The macroscopic appearance of the samples after the forming tests are shown in Fig. 7. The images are obtained from the CoNiGa-steel samples after the tensile, upsetting, rolling and extrusion tests. For the sake of brevity, the NiFeGa samples are not shown as these looked similar after forming. Still, there were differences between the CoNiGa und NiFeGa samples as described in the following. The observed differences in the values of the degrees of deformation leading to damage in the structure of, respectively, CoNiGa and NiFeGa samples are given in the corresponding chapters and described in the following.

Fig. 7
figure 7

Macroscopic appearance of the samples after forming (CoNiGa): a, b tensile test, c upsetting, d hot rolling and e extrusion; true strain: a 0.10, b 0.14, c 0.53, d 0.50, e 1.23

3.2.1 Hot tensile tests

Figure 7a and b show X-ray images (Zeiss Xradia 520 Versa) of the CoNiGa tensile samples strained to 10% and 15%. The strain increase from 10% (Fig. 7a) to 15% (Fig. 7b) resulted in the formation of cracks in the CoNiGa core. The cracks occur in those areas where a constriction in the steel shell is visible. These regions are either in the center of the sample or close to the grip section. In the NiFeGa samples, no macro cracks were observed at strains of 10% and 15%, but numerous meso- and microcracks. Further in situ studies under load are under consideration for both alloys in order to analyze the different cracking mechanisms.

3.2.2 Upsetting

Figure 7c depicts the center-cut of an upsetting sample. The tests were interrupted when the maximal capacity of 230 kN of the test system was reached. Height reduction of the whole sample was 41% for the CoNiGa-steel and 52% for the NiFeGa-steel samples. The compression of the cores was 31% (CoNiGa) and 44% (NiFeGa). The lesser deformation of CoNiGa is probably due higher flow stresses of this alloy at temperatures above 700 °C. The free outer surface of the deformed sample had a barrel form typical for upsetting. The angular form at the interface between core and shell is a result of contact friction with the tool due to centering undercuts.

3.2.3 Hot rolling

Figure 7d shows the longitudinal section of a hot rolled rod with a CoNiGa core. An elongation ratio l1/l0 of 1.53 was achieved. The final samples had a height of 12 mm and width of 27 mm. Peripheral speed of the rolls was 50 mm s−1. Thus, the mean strain rate was 1 s−1. The surface temperature at the start, middle and end of the sample measured with a HT3305 pyrometer was in the range of 930–970 °C. The mean value of the rolling pressure was 76 MPa. The NiFeGa samples were nearly identical in appearance and shape to the CoNiGa samples shown in Fig. 7d.

3.2.4 Extrusion

After processing, the main part of the extruded rod remains in the extrusion tool until manually removed and it is challenging to measure its temperatures with a pyrometer. The surface color of the rods right after extrusion was bright red to red, but it is difficult to estimate the corresponding temperature due to the lubricant glass layer. However, the temperature was not below 800 °C. In comparison to the other forming methods, the highest degrees of deformation were achieved during extrusion. From the X-ray image of an extruded rod (Fig. 7e), the shape of the formed core could be evaluated non-destructively. In Fig. 7e, a homogenous deformed CoNiGa core in the steel shell is visible. Such homogenous elongation was obtained for all ratio combinations of d0/D0. Despite the different extrusion parameters, the appearance of the NiFeGa samples after extrusion was similar to the CoNiGa samples shown in Fig. 7e.

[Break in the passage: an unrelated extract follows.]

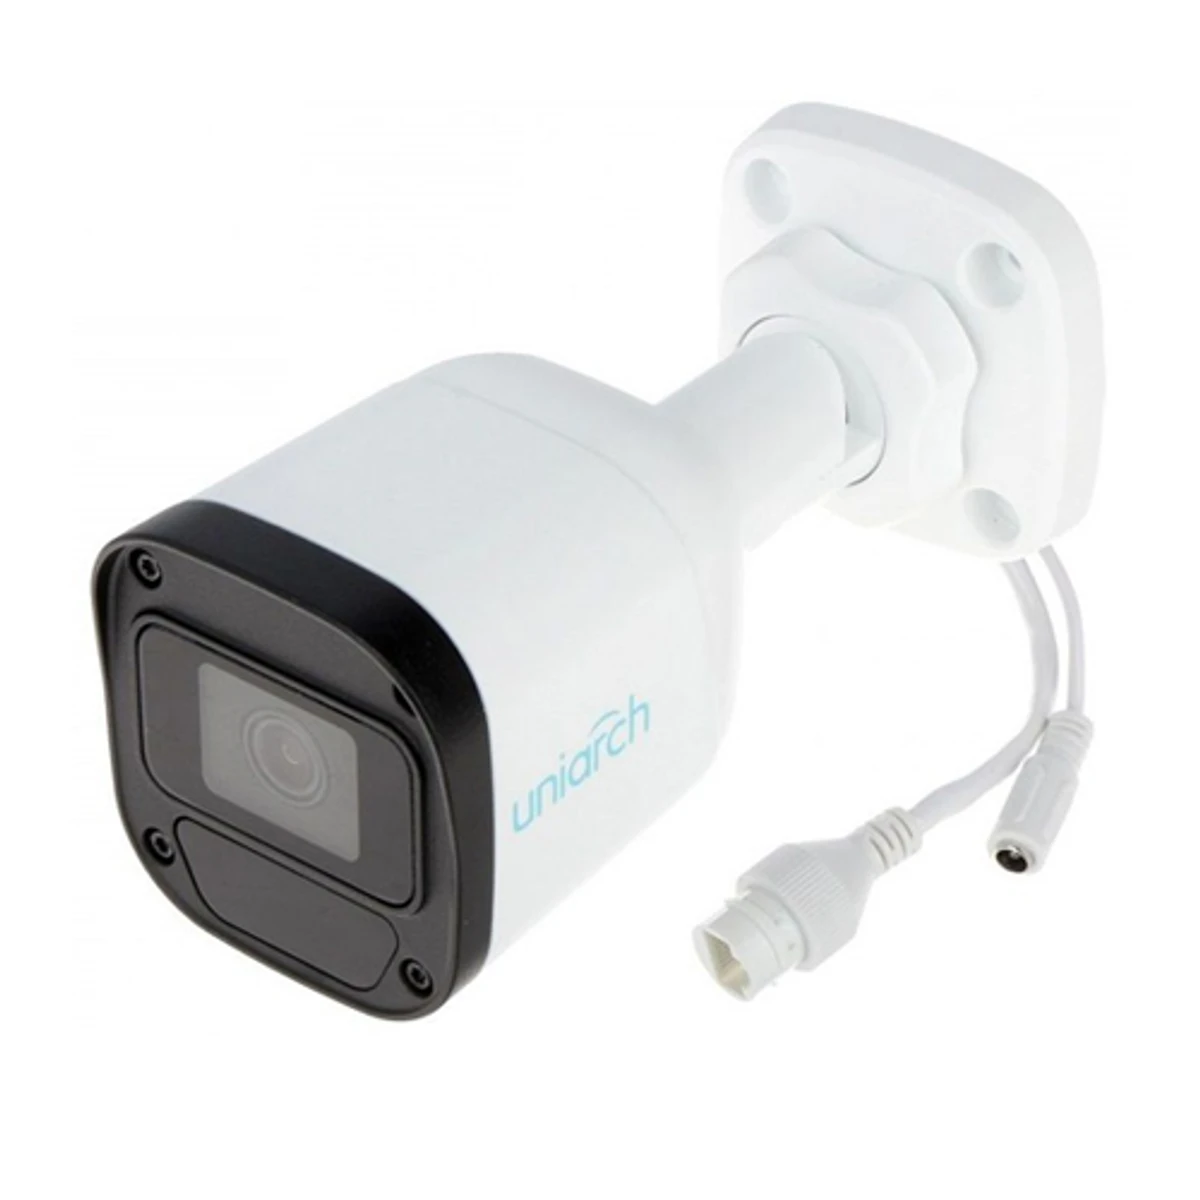 Uniarch IPC-B113-PF40 Outdoor IP Security Camera 4 MP

3.3 Characterization of the interface zone between core and SMA shell

Regarding the subsequent separation of the SMA core and the steel shell, the interface between both materials after forming is of interest. Accordingly, backscattered electron images were recorded in a scanning electron microscop (SEM) of the interfaces formed in the CoNiGa-steel and NiFeGa-steel samples. Table 2 shows representative SEM images of the interfaces between the shell and the core.

Table 2 Interfaces formed between steel shell and SMA core resulting from the different forming processes and conditions (steel at the bottom part of the pictures; SMA at the top)

The analysis of the interfaces formed between the core and the shell materials revealed that distinction in types and degrees of deformation determine a difference in bonding quality. As seen from Fig. 7a, b and c and Table 2a–d, the use of hot tensile testing and upsetting does not promote formation of a metallurgical joint between the investigated materials. The core and shell materials could easily be separated after cutting the final products. Bar rolling with the parameters employed resulted in a strong material bond between the SMA and the steel shell (Table 2e, f). The most intensive metallurgical bond was formed for specific sets of extrusion parameters (Table 2g, h). The interface between the CoNiGa core and the steel shell are shown in Fig. 8 for selected of extrusion conditions. A positive influence of increasing the diameters ratio d0/D0 regarding formation of a strong bonding during extrusion was determined. For a ratio of d0/D0 = 0.22, large voids between the SMA and the steel shell were present (Fig. 8a). By increasing the ratio to 0.32, the voids decrease in size (Fig. 8b) and at some points, a material bond can be assumed. Increasing the ratio to 0.41 causes a full material bond (Fig. 8c).

Fig. 8
figure 8

SEM images (BSD) of the bonding zone in longitudinal sections of CoNiGa rods with a ratio of a d0/D0 = 0.22, b d0/D0 = 0.32 and c d0/D0 = 0.41 for two magnifications (bottom row shows high magnification details of the areas marked in red)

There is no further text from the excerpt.